"Judgment" is episode 1 of season 2 of the television show Angel, broadcast on September 26, 2000 on the WB network. The episode was written by David Greenwalt, with a story from Greenwalt and series creator Joss Whedon, and directed by Michael Lange. In this episode, when Angel accidentally kills the demonic protector of a pregnant woman named Jo, he takes over as her champion. She is seeking protection for her unborn child from the mystical Tribunal, which requires her champion to defeat a challenger in single combat. Meanwhile, Wolfram & Hart have resurrected the long-dead vampire Darla to seek revenge against Angel.

Plot
The individual members of Angel Investigations are called to action. Cordelia, Wesley and Angel meet at a gym to stop some demons attempting a human sacrifice. Meanwhile Lilah visits Lindsey's office where Darla is listening to classical music. She can feel Angel nearby, and Lindsey wants revenge against him.

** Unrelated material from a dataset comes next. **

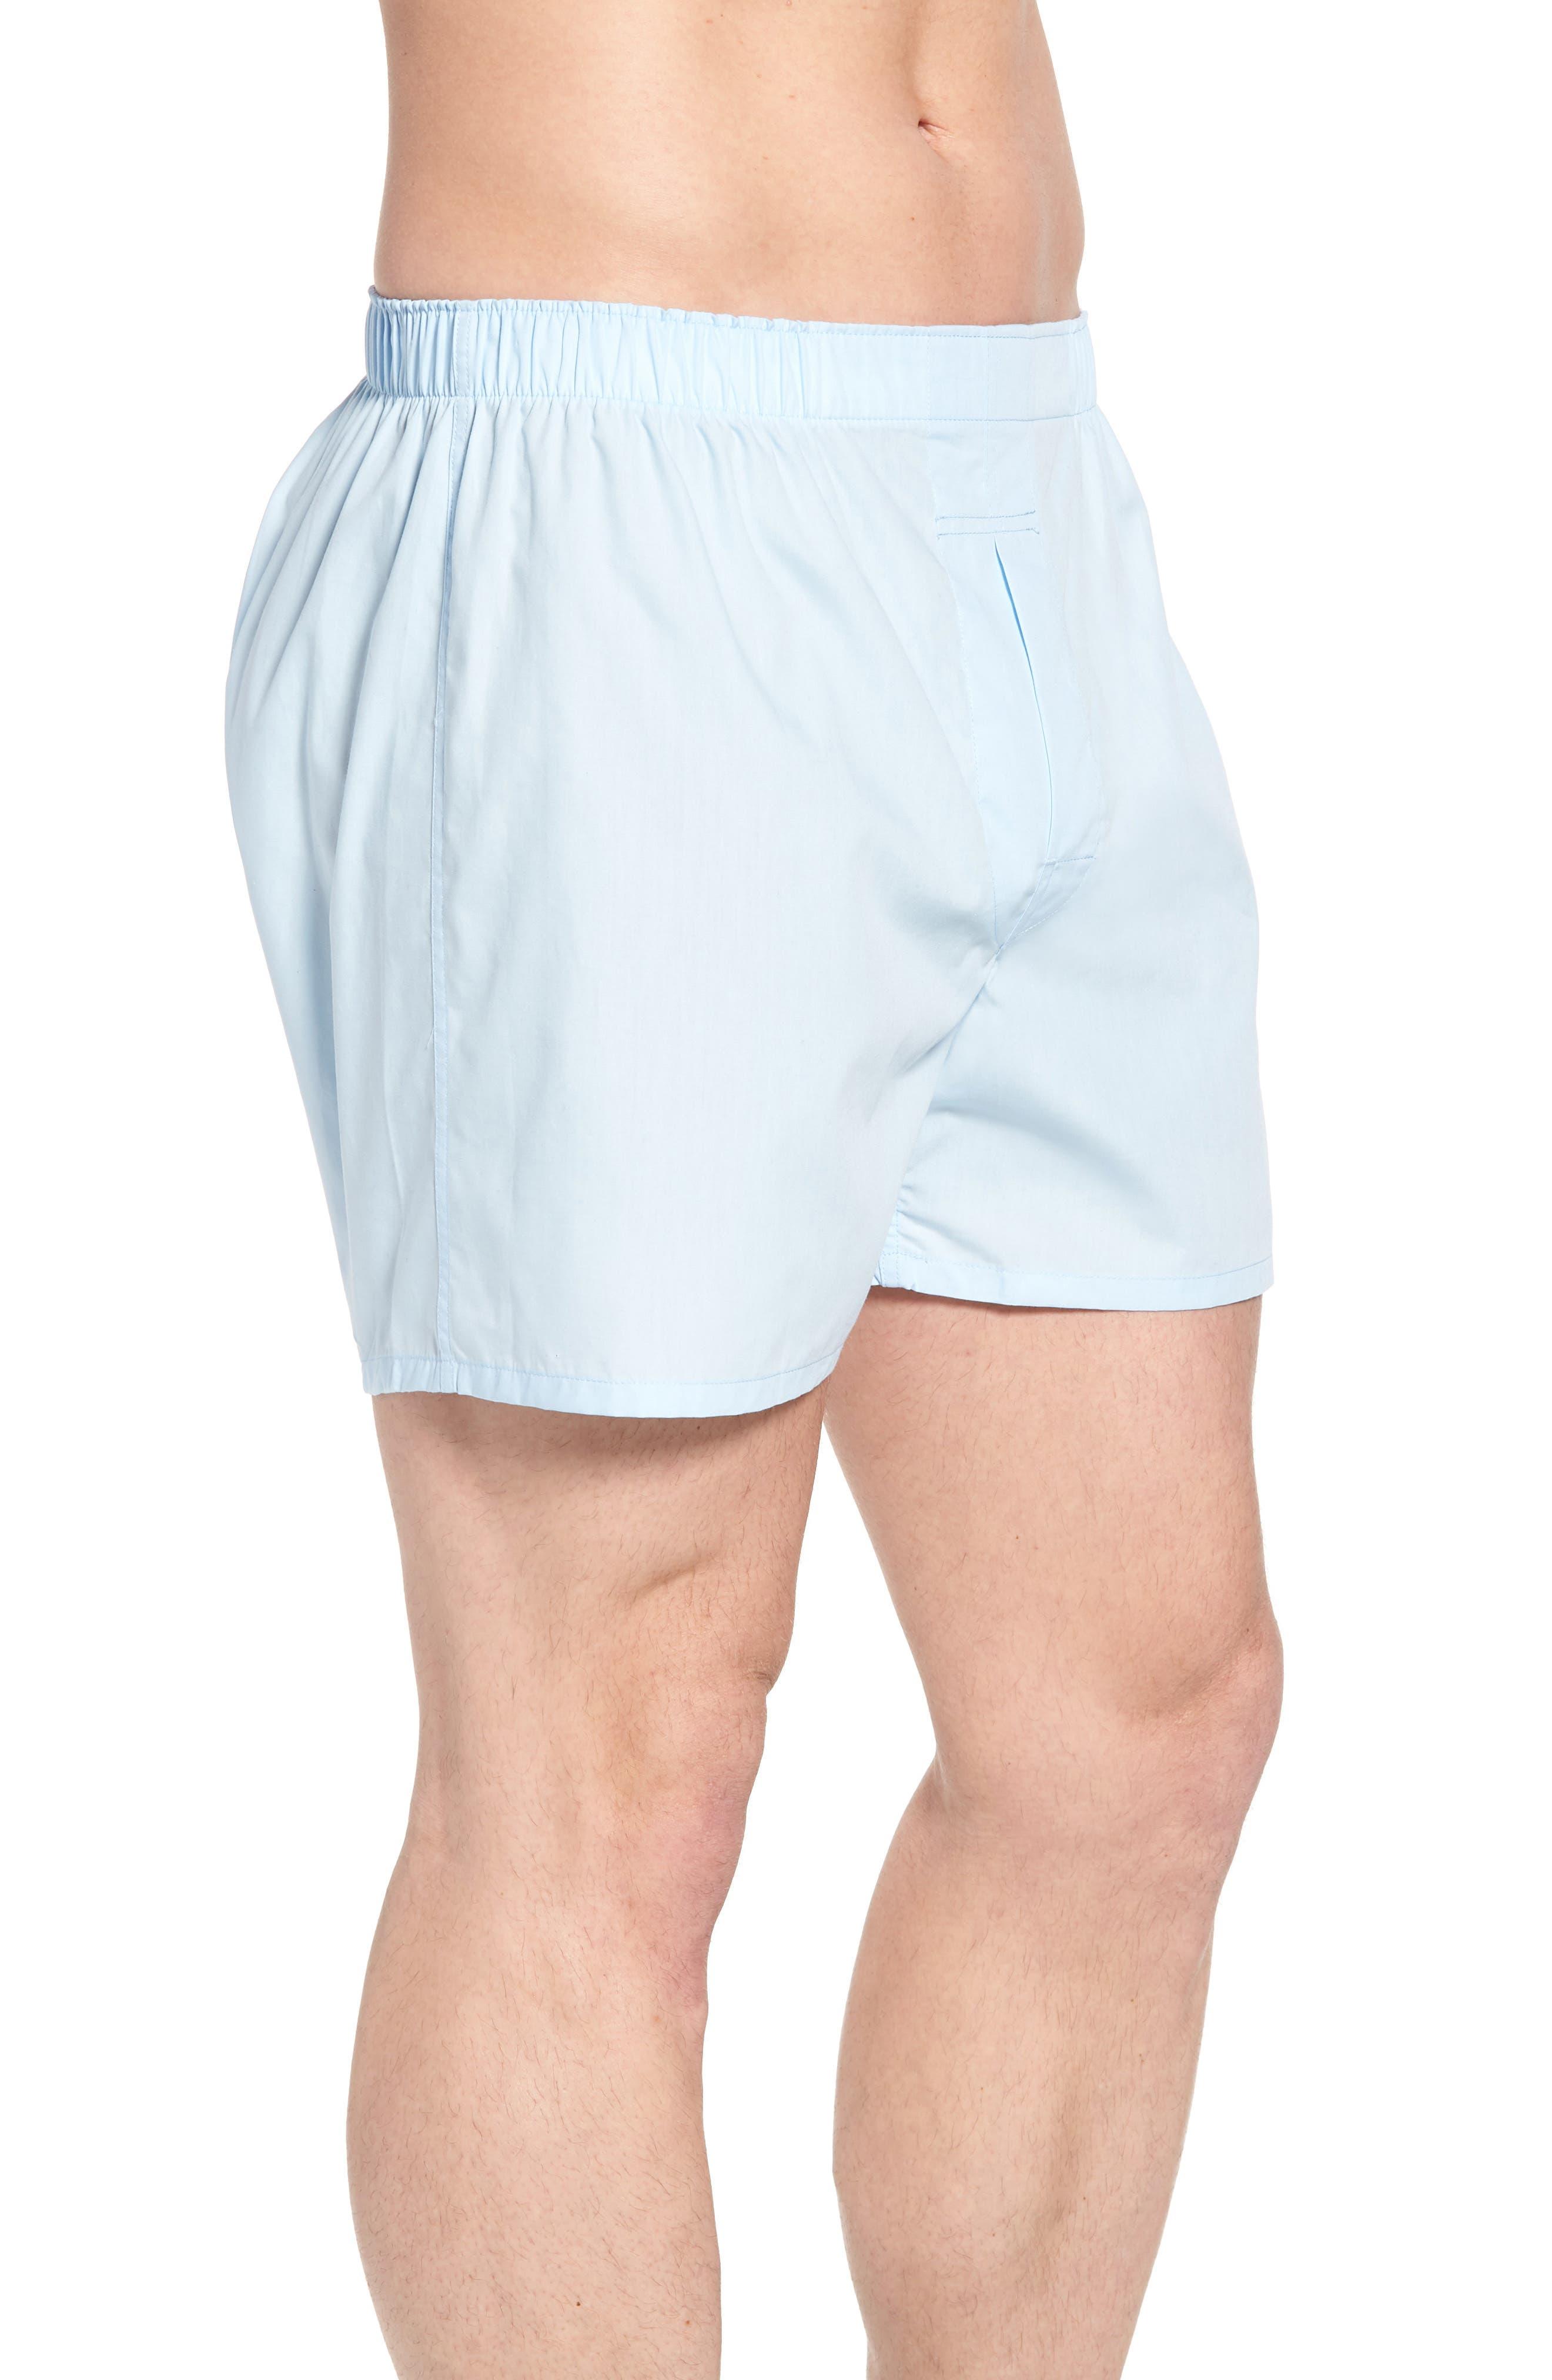 3-Pack Cotton Boxers,                             Alternate thumbnail 4, color,                             WHITE/ LIGHT BLUE/ CRUISE NAVY

Back at Cordelia's apartment, which is their new base of operations after their offices were blown up last episode, the gang tries to figure out what Wolfram & Hart might have been trying to raise. Cordelia suddenly has a vision about a Prio Motu demon. At Wesley's suggestion they go to Caritas, a demon karaoke bar and safe haven, to find Wesley's demon informant Merl, who knows where to find the Prio Motu. Lorne, called the Host, is introduced. He is described by Wesley as an Anagogic demon who can see into the hearts and read the future of those who sing. The Host tries to convince Angel to do a number, but Angel refuses. Angel finds the Prio Motu demon along with a pregnant woman, Jo. He kills the demon, only to have Jo tearfully inform him that the demon was her protector - mentioning something called the tribunal. Angel tries to offer help, but she runs away from him. Back at the apartment, Cordelia and Wesley's attempts at comfort only make things worse. Angel, feeling guilty for having killed an innocent fighting on his own side, declares that he intends to take over the dead demon's mission, telling Wesley and Cordelia to find out what the Tribunal is. Angel tracks down Merl and roughs him up. The demon tells him there is a price on Jo, or more specifically, her baby - a daughter who is supposed to become someone powerful and important to the side of good. The price is tempting, but with the  Prio Motu defending her, no one could get to her. Angel picks up what Merl knows about where the Prio Motu would have been living and leaves.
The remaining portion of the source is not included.